At the end of November, Congress passed what is commonly being referred to as the 21st Century Cures Act. This broad, sweeping legislation dramatically boosts funding dedicated to medical research, relaxes the process for the development and approval of experimental treatments and new medications, reforms government policy on mental health treatment, and more.
Funding Associated With the Act
The 21st Century Cures Act aims to increase funding for the National Institute of Health and streamline the pathway for innovative, newly developed medications to reach patients. The bill provides $1.86 billion in mandated funding on an annual basis for the NIH, which started in fiscal year 2016 and extends through fiscal year 2020 by way of an innovation fund.
The innovation fund created by the bill will provide an additional $1.75 billion to the NIH. Of that money, $500 million will be targeted to the Accelerating Advancement Program (AAP). The AAP will essentially be a grant-matching program to facilitate biomedical research and development. Funding that is left over after will be divvied up among grants for various other medical research.

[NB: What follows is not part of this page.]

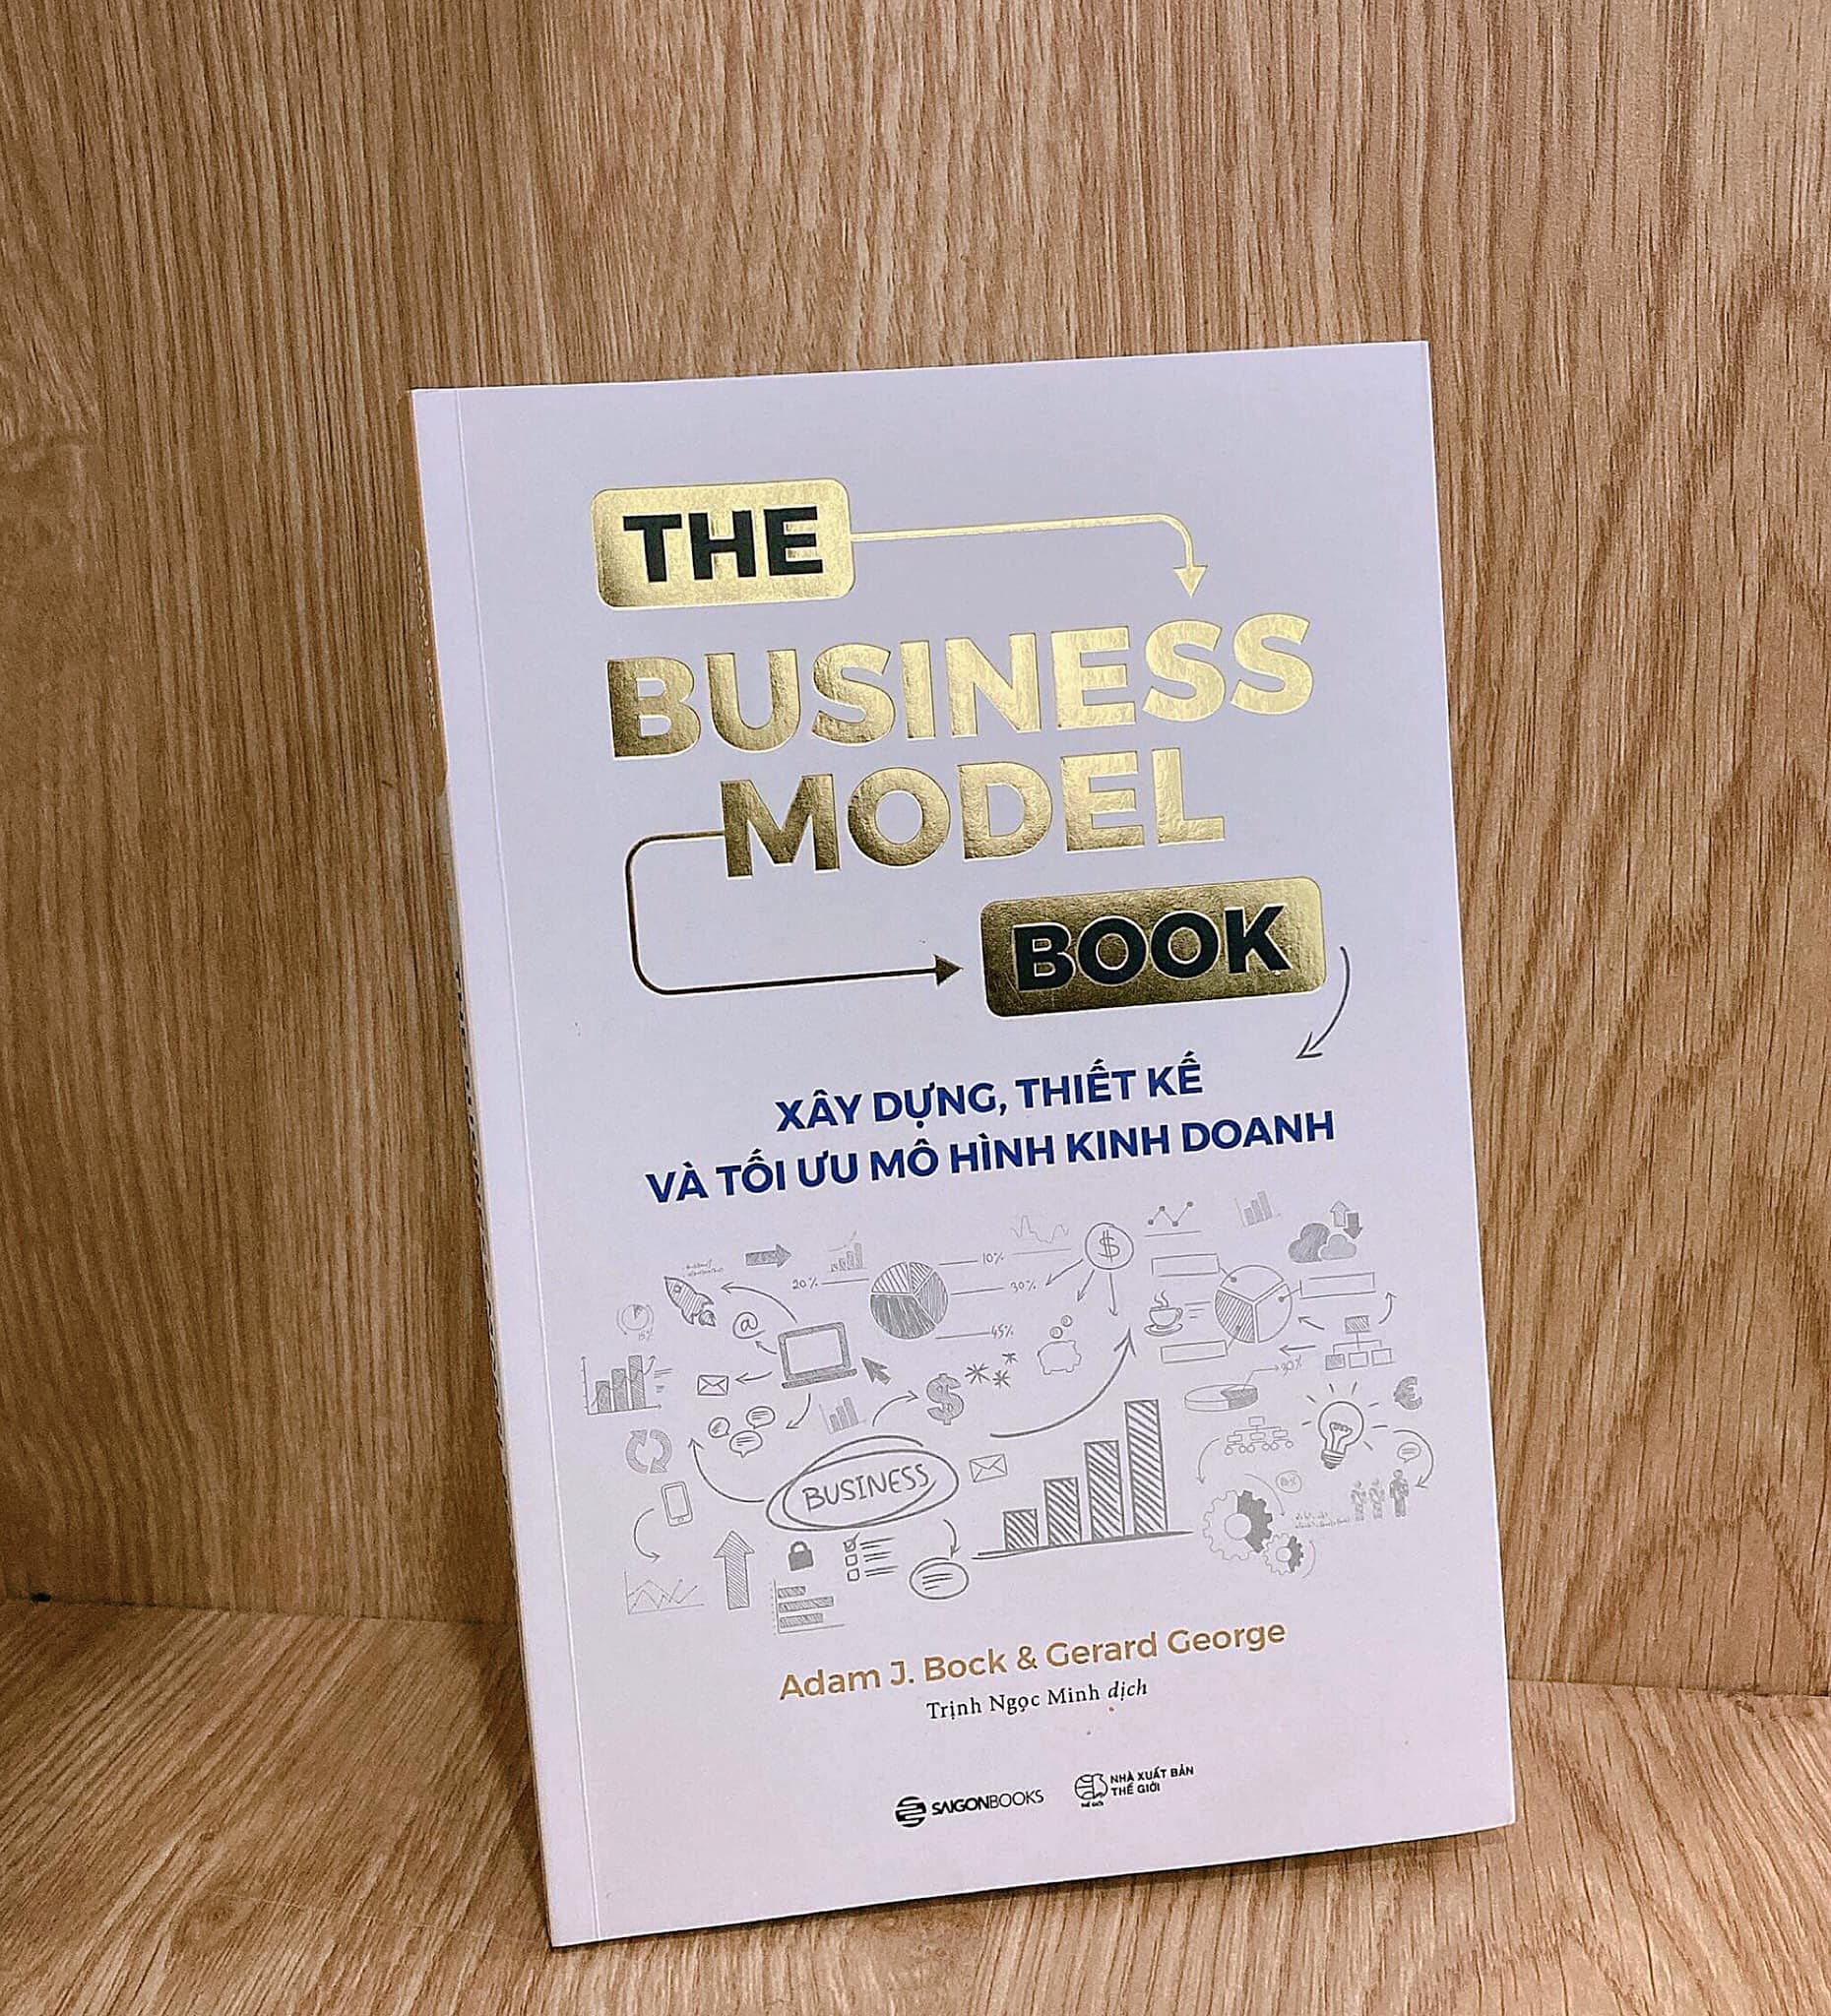 The Business Model Book: Xây dựng, Thiết kế và Tối ưu Mô hình kinh doanh - Tác giả Adam J. Bock , Gerard George - đừng tự lừa gạt chính mình

Another $110 million annually from the innovation fund created by the Act will be directed to the Cures Allocation fund. This funding will be used primarily to support development and implementation of the different programs that are created by the Act. These programs include developing user and clinical experience data, helping to develop drug tools, and monitoring the manufacturing process involved in the production of medications.
So how exactly will all of this money be spent, and to what end?
For starters, the 21st Century Cures Act will drastically speed up the process of getting new medications approved by the Food and Drug Administration. This will be made possible by granting a higher level of authority to the FDA to require fewer studies and regulations. The result is that the timeline of getting a new drug on the market and to consumers will shrink.
It has been one of the more controversial aspects of the Act, as some see it as a "handout to the drug industry disguised as a pro-research bounty." And progressive critics such as Bernie Sanders and Elizabeth Warren argued that the bill gives too much latitude to pharmaceutical companies.
Not surprisingly, there was intense lobbying by numerous pharmaceutical companies, medical device organizations, and 26 “biotech products and research” companies - to the tune of $192 million. The bill ended up passing with strong bipartisan support by a vote of 94 to 5 in the Senate and 392 to 26 in the House of Representatives.
Thanks to the Act, employers with fewer than 50 full-time employees now have a compliant way, through health reimbursement arrangements (HRAs), to reimburse employees who get their own individual health insurance policies.
Mental Health and Substance Abuse Advocates
Another set of groups that will benefit from the new legislation are mental health and substance abuse advocates. Approximately $1 billion in the form of state grants is allocated over the next two years to address opioid addiction and abuse. The vast majority of that funding is earmarked for treatment facilities; a much smaller portion will fund research.
In addition, the legislation increases funding for mental health treatment and research. The recently passed bill sets aside funds that climb into the hundreds of millions of dollars for nascent programs, as well as existing mental health and treatment programs.
An article in USA Today explained, "The bill, which combines mental health proposals from several lawmakers, also pushes states to provide early intervention for psychosis, a treatment program that has been hailed as one of the most promising mental health developments in decades."
Health IT and Data Management
Finally, the Act is a boon for health information technology and software companies. Federal agencies and health providers on a national scale will be mandated to begin utilizing electronic health records systems. Further, these entities are charged with collecting data to improve research and treatment.
Even though the newly passed legislation does not actually provide funding for these endeavors, IT and data management organizations stand to realize handsome gains, into the millions of dollars, in new business.
Impact on Doctors
Although the immediate implications of the Cures Act for physicians are not particularly significant, the legislation will certainly impact doctors. The dramatic increases in research and development for medications (as well as their speedier approval time), will have a noticeable effect on how physicians practice medicine. In addition, there are small provisions for the increased use of telemedicine, as well as minor funding bumps for continuing education.
The 21st Century Cures Act is sure to have a tremendous impact on the American healthcare landscape, due in no small part to its sheer size. Faster approval of new medications, increased funding for mental health and substance abuse, and a pronounced move toward technology-based healthcare solutions are some of the primary impacts of this new legislation.